TASK GOAL
Find the line with "Replica of original" in the entries below, then output every line from it down to the line with "B1a4 Wallpapers Music", exactly and with no pictures.

MATERIAL PROVIDED
# # # # #

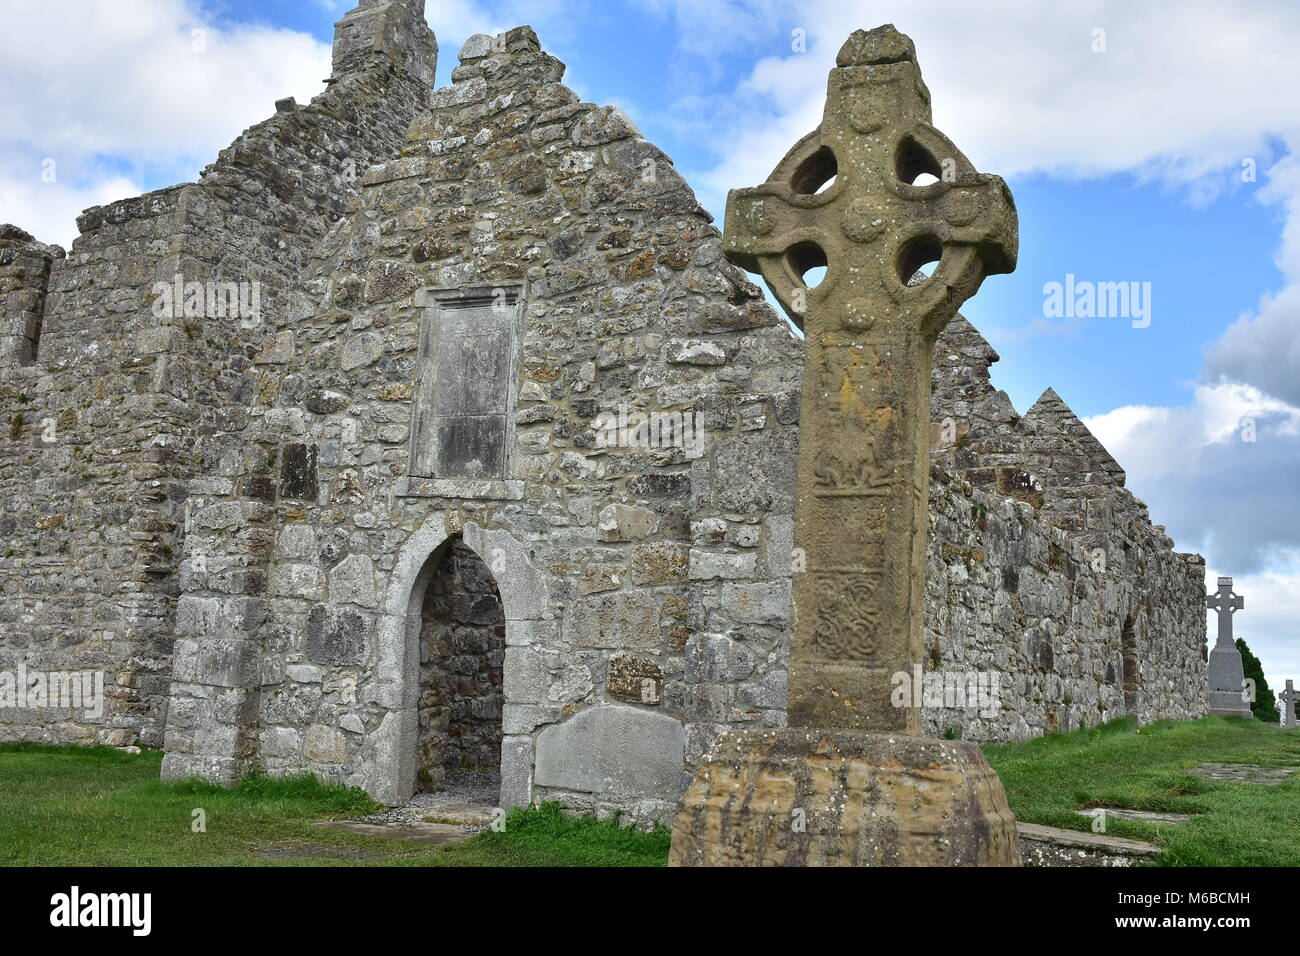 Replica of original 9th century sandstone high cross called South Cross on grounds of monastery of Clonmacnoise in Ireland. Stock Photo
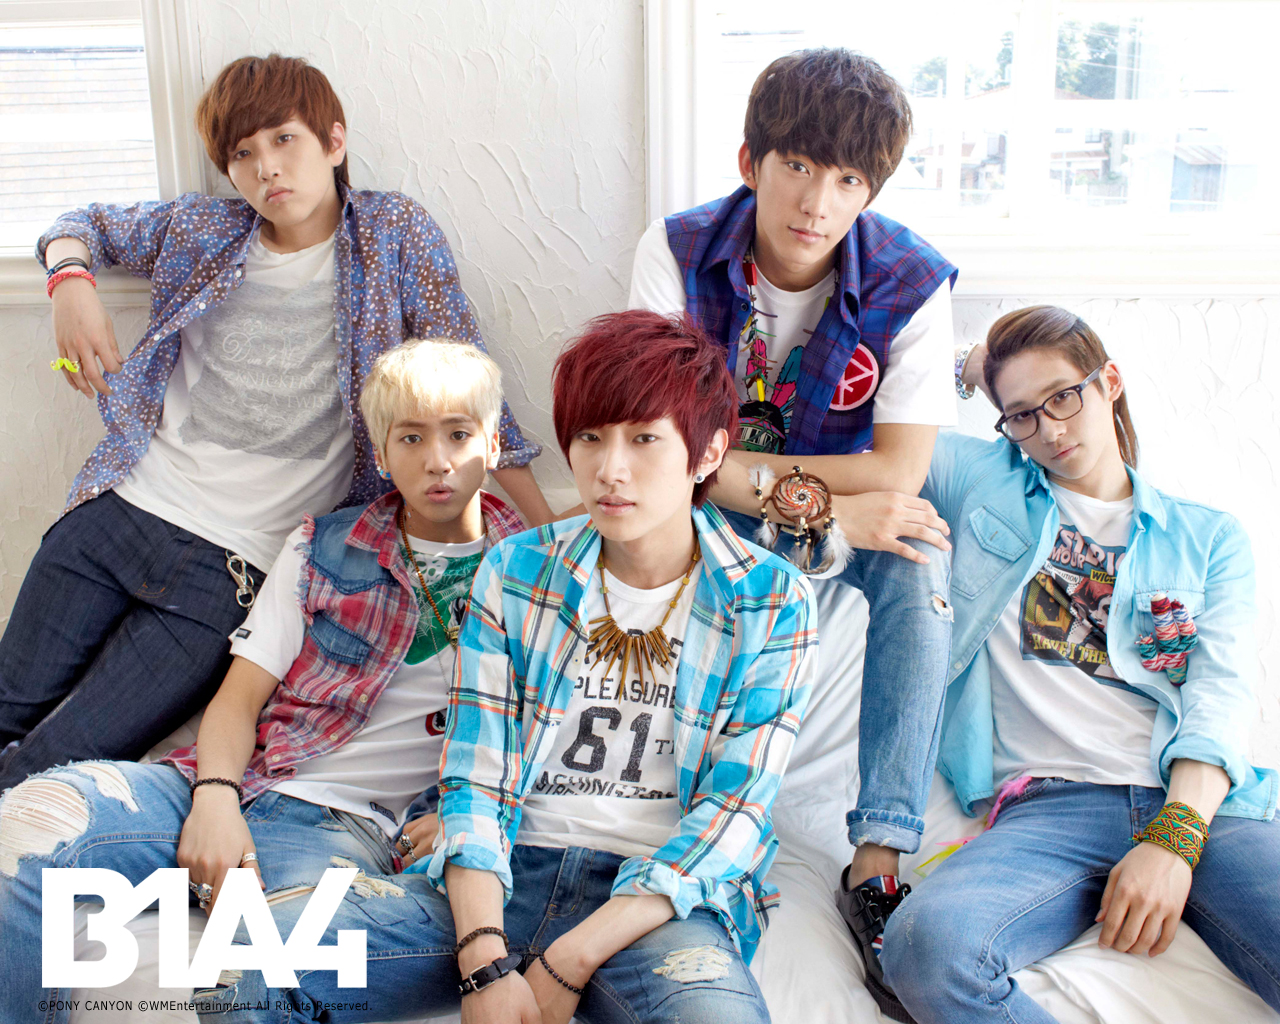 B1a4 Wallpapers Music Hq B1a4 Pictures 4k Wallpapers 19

# # # # #

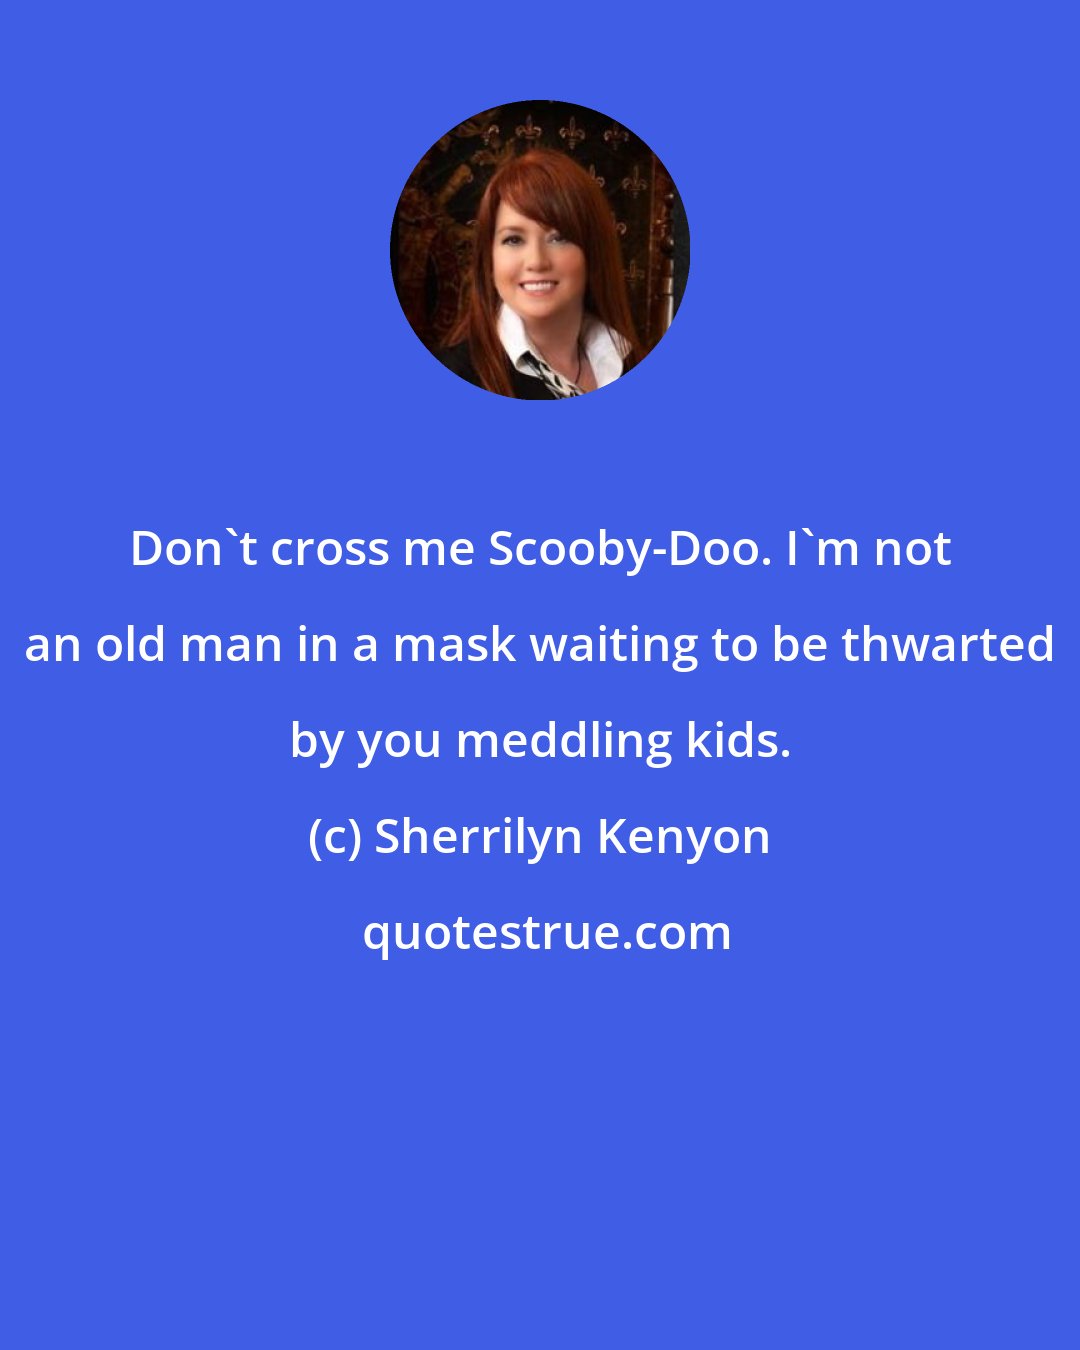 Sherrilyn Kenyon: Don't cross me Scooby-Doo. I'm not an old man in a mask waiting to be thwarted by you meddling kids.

# # # # #

FINAL ANSWER
 Replica of original 9th century sandstone high cross called South Cross on grounds of monastery of Clonmacnoise in Ireland. Stock Photo
 B1a4 Wallpapers Music Hq B1a4 Pictures 4k Wallpapers 19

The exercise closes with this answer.